◆ Your goal: Please copy out the full listing that follows exactly; no picture belongs in the copy.

◆ Supplied material:
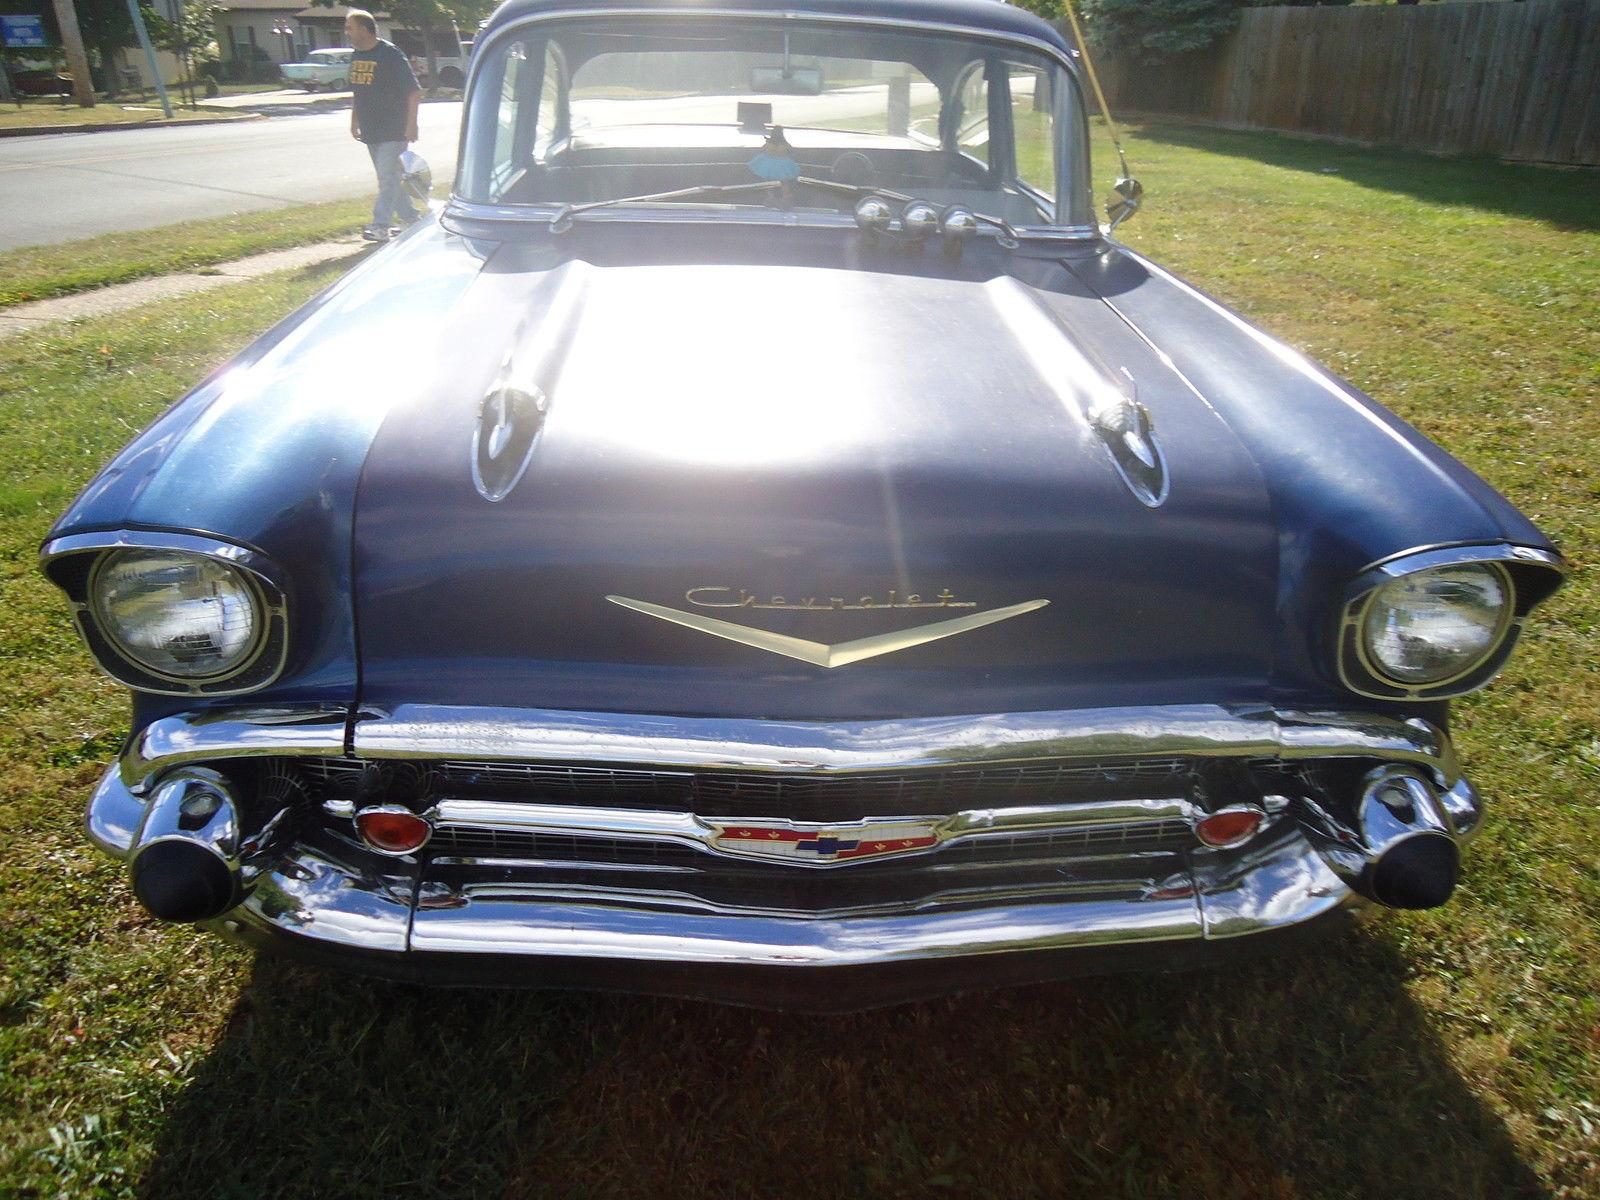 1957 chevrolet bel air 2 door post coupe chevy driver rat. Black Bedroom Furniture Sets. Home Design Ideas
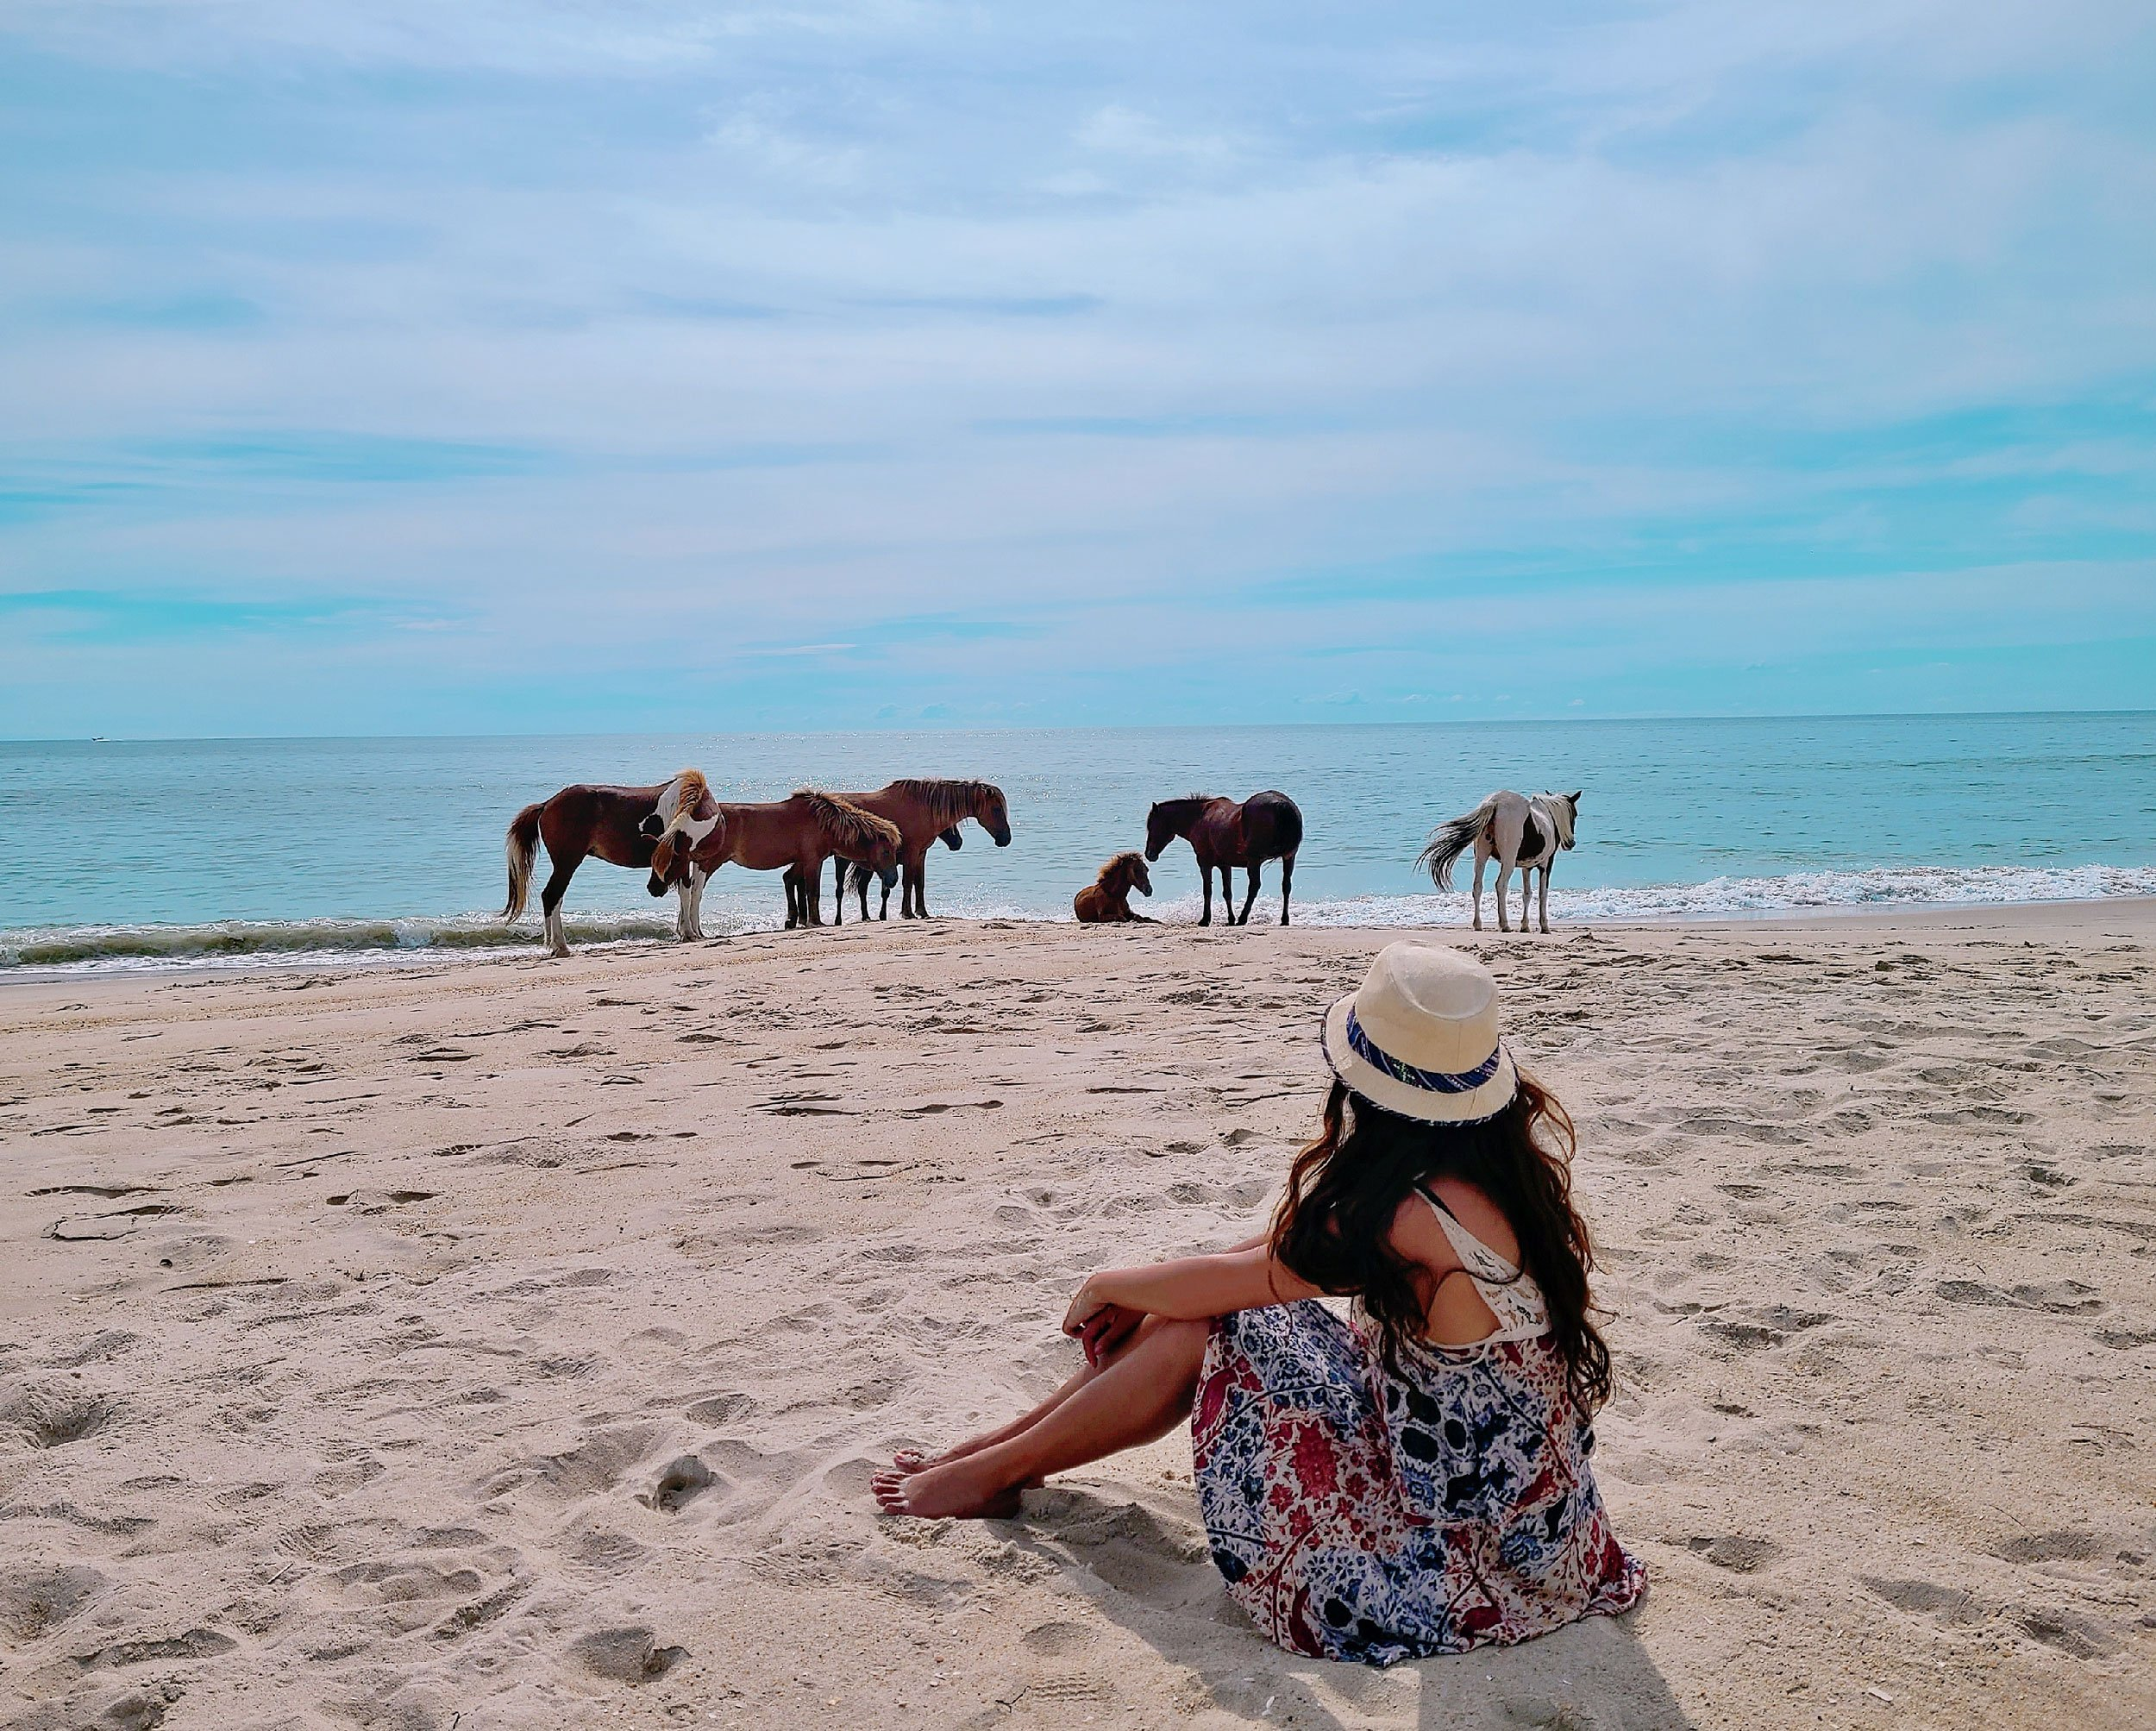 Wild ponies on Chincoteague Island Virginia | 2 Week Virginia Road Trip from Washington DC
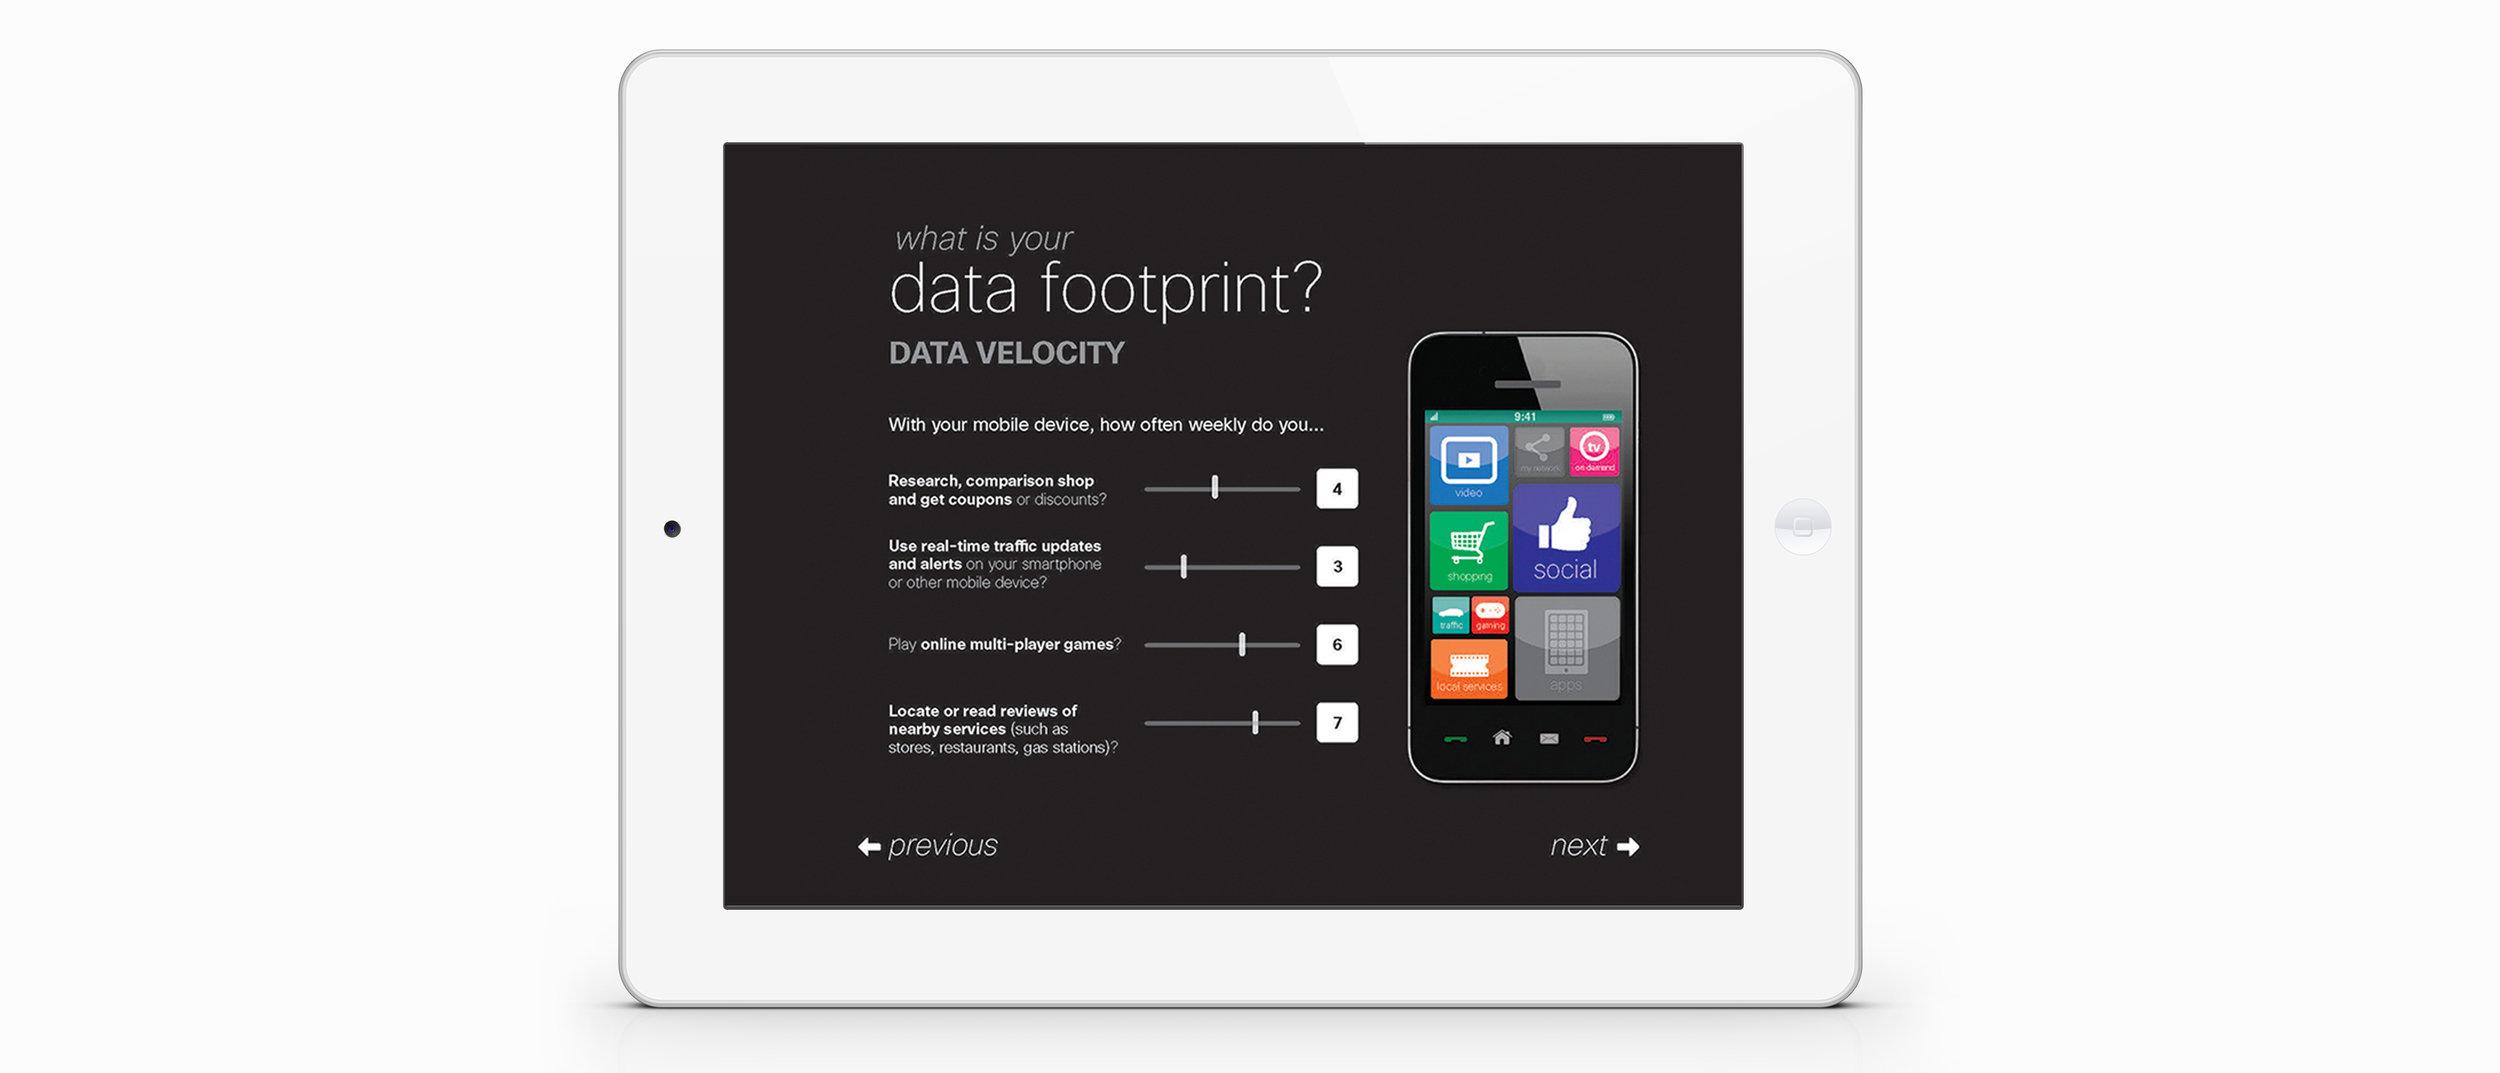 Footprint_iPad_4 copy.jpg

◆ Solution below:
 1957 chevrolet bel air 2 door post coupe chevy driver rat. Black Bedroom Furniture Sets. Home Design Ideas
 Wild ponies on Chincoteague Island Virginia | 2 Week Virginia Road Trip from Washington DC
 Footprint_iPad_4 copy.jpg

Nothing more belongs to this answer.